Outside Meredith who saw no reason to wait around until sunrise to launch a rescue for André dropped down behind one of DesBois’ armed thugs, this one wearing a golf shirt covered in palm trees and a ski mask, tapped him on the shoulder, and head butted him when he turned to see who it was. “I guess the current economic crisis must be effecting her ability to afford experienced minions,” he said as he inspected the machine gun the man dropped. He removed the clip and tossed it into the ocean. “Overkill, really. I’m just one man.”

Carefully stepping over the man he proceeded toward the next minion who patrolled the opening to the cave.

Inside the cave DesBois was getting tired of the bickering between Bak Phat and André. “Can the two of you please just shut up! This has been going on for hours. Shut up!”

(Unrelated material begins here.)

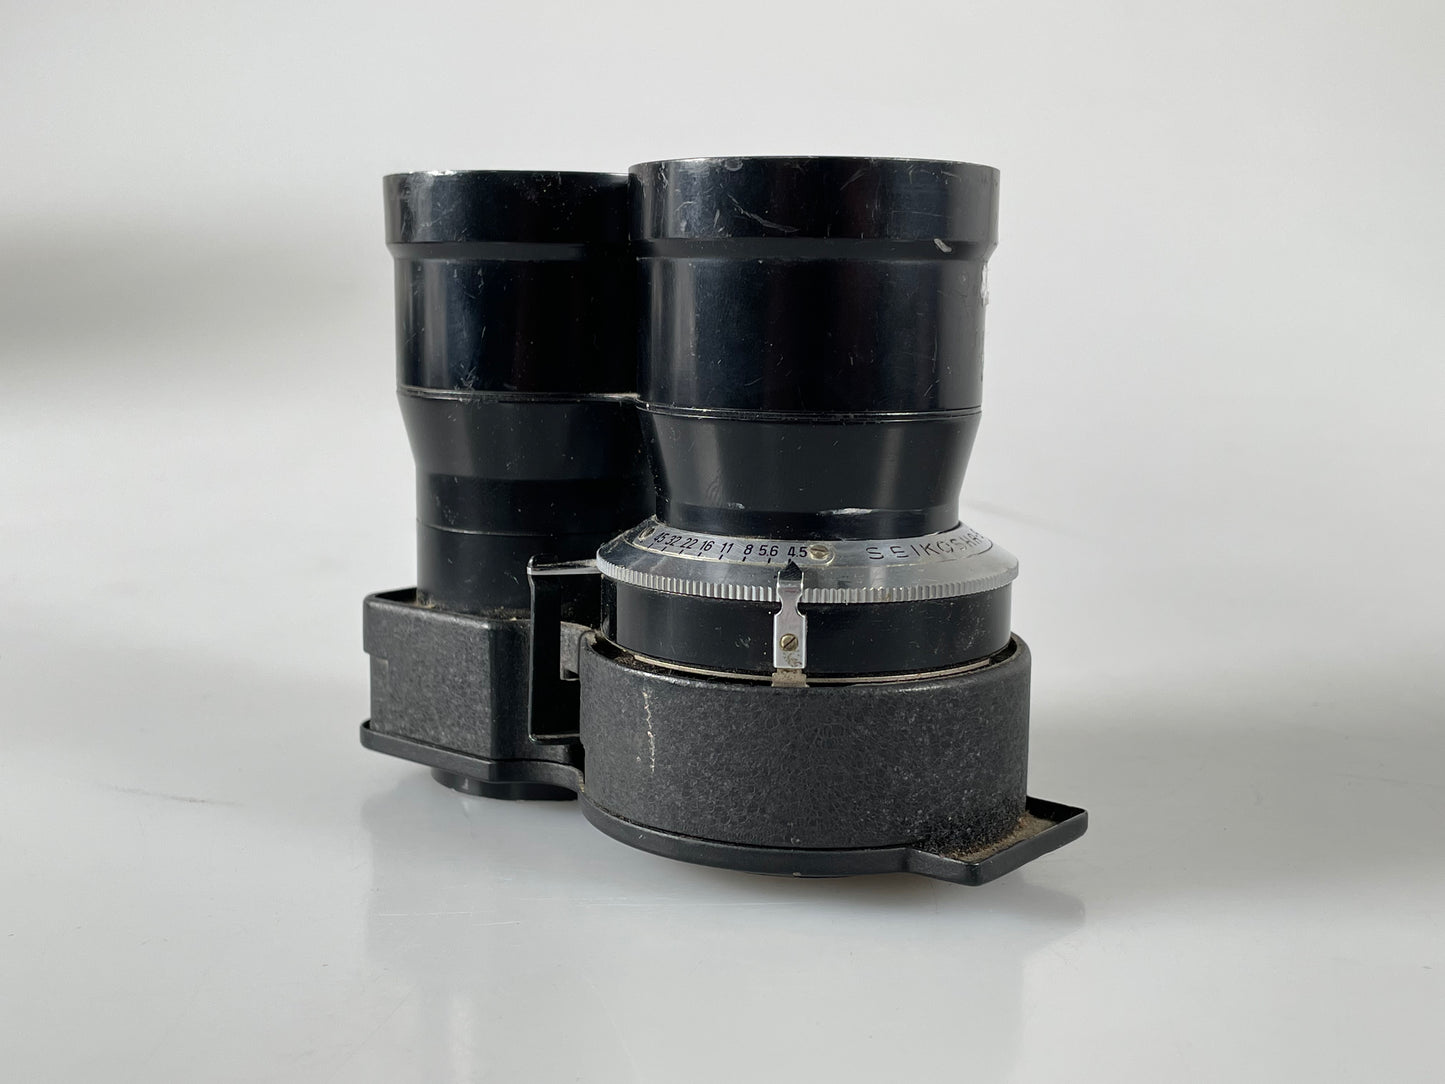 Mamiya TLR 13.5cm (135mm) f4.5 Sekor Lens for C330 C220 C33 C22 C3

“Yeah, shut your mouth. Ninjas is to being silent.”

“Your English really sucks.”

“You suck.”

“No, you suck, you fa- ooph!” He fell over clutching his family jewels.

Outside Meredith heard someone cry out. The minion heard it too and began hurrying towards the cave entrance. Acting fast he sprinted, tackled the man, and held his face in the sand until he stopped kicking.

André shook his head and examined his shoe for scuffs. “Evil Lady, your ninja got lousy reflex. I hope they not all this bad or Meredith gonna be disappointed at no challenge.”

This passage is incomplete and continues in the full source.